Старший брат страшится, как бы их, беглецов, погоня не настигла. Хлещет коней нагайкой.
Видит младший: вот-вот отстанет от братьев. Их за стремена хватает, говорит, просит:
– Братья родненькие! Соколы ясные! Станьте, коней придержите, подвезите меня хоть немного, ну хоть версту подвезите!
Молчит старший брат. Шибче коня нагайкой нахлестывает.
Стал пеший казак отставать. Кричит старшему вдогонку:
– Не хотите меня подвезти, так лучше убейте и схороните. Не оставьте тела казацкого хищным птицам, зверью на поживу…
Средний брат младшего слышит, говорит старшему:
– Надо меньшого подвезти. И впрямь лучше голову ему разом скосить, чем на долгую муку покинуть.

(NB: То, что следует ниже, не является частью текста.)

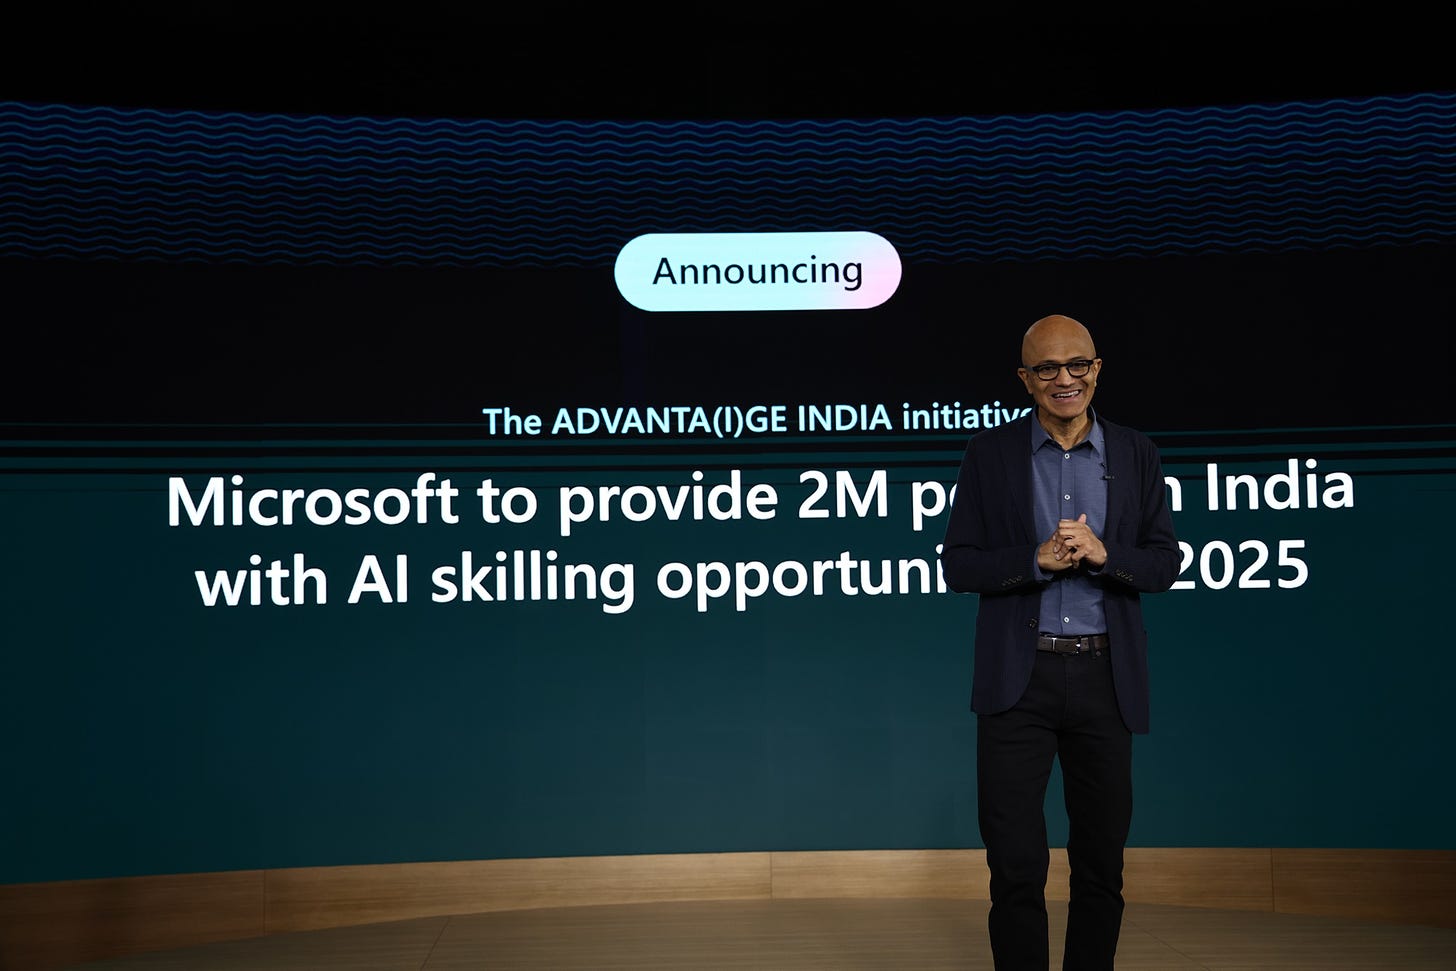 Microsoft chairman and CEO Satya Nadella giving a keynote address on stage

Так разве сердце позволит, рука поднимется?
Молчит старший, а младший уже далеко позади остался. Средний братнего коня придержать хочет. Подскакал, за уздечку тянет.
Старший среднего нагайкой огрел.
– Отстань, – говорит, – хочешь, чтобы нас погоня нагнала, в худшую неволю вернула, а то всех троих в клочья изрубила?
Оглянулся средний брат. Видит: младший на коленях стоит, руки простирает, а что кричит, да и кричит ли, – того не слышно.
– Вспомни отца с матерью, – говорит старший среднему. – Все трое погибнем, кто их на старости доглядит да приветит? Двум коням троих от погони не унести. Вот доскачем до буераков-оврагов – там безопасней будет, там подождем меньшого. Пешего погоня минет, за нами, верховыми, поскачет.
Оглянулся средний брат – меньшого уже не видно.
Не день, не два по сыпучим пескам, по безлесным холмам ехали казаки-братья. Но вот уже буераки-овраги. То здесь, то там кленовые рощицы. Солнышко пригревает, а в глубинках серый снежок залежался.
– Станем, подождем немного, – говорит средний старшему.
Тот ему отвечает:
– Долго ждать его, пешего. Пока доберется, последний снежок стает – кони падут от безводья. Лучше вот как: веток наломаем, станем за собой на дороге кидать – будет брату примета, куда за нами идти. А мы доберемся до тихих вод, до зеленых лугов, там его дожидать станем.
Меньшой брат кое-как по песку ногами переступает.
Упадет – полежит, отдышится, встанет и дальше бредет.
Не скоро, а добрел пеший казак до буераков-оврагов, до кленовых рощиц.
В глубинках кое-где лужицы недосохли. Верхушки кленочков саблями посечены. Заплакал, о братьях подумал: «Неужто вот тут, на этом месте, налетела на них лихая погоня? Неужто нет их на свете?»
Горькую думу думаючи, пробирался пеший казак оврагами-буераками, миновал рощи кленовые. Видит, ветки по пути разбросаны.
«Живы мои братья, обо мне помнят», – подумал и от радости прослезился. Отдохнул и бодрей пошел.
А старшие братья этим временем добрались уже до тихих вод, до зеленых лугов. Облака, словно лебеди, по бирюзовому небу плывут, отражаются в тихих водах. На изумрудных лугах цветы, будто дукаты золотые рассыпаны. Кони взыграли, пошли гуляючи.
– Тут уж никакой погоне нас не достать, – говорит средний брат старшему. – Распрягай коней, подождем меньшого брата.
– Э, нет, – говорит старший. – Потому-то нас не догнали, что меньшого брата по пути ловили. Нет его на свете – что ж его ждать?
Средний брат слезами залился:
– Ой, лучше бы нам всем троим в неволе сгинуть, лучше бы нас погоня нагнала, в клочья искромсала…
Пока говорил да плакал, от тихих вод, от зеленых лугов отъехали братья в широкие, вольные степи.
– Нечего плакать, – говорит старший. – Чему быть, того не миновать. Да и то может статься: обминула его погоня конная, не приметила пешего в буераках-оврагах. Жив он живехонек, следом за нами идет!
Ободрился средний брат. Подумал: «Что бы это меньшому на примету оставить?» Кругом ни деревца, ни кустика – пыль да ковыль степной. Стал он от своего дорогого синего кафтана лоскутки драть и по пути за собой раскидывать.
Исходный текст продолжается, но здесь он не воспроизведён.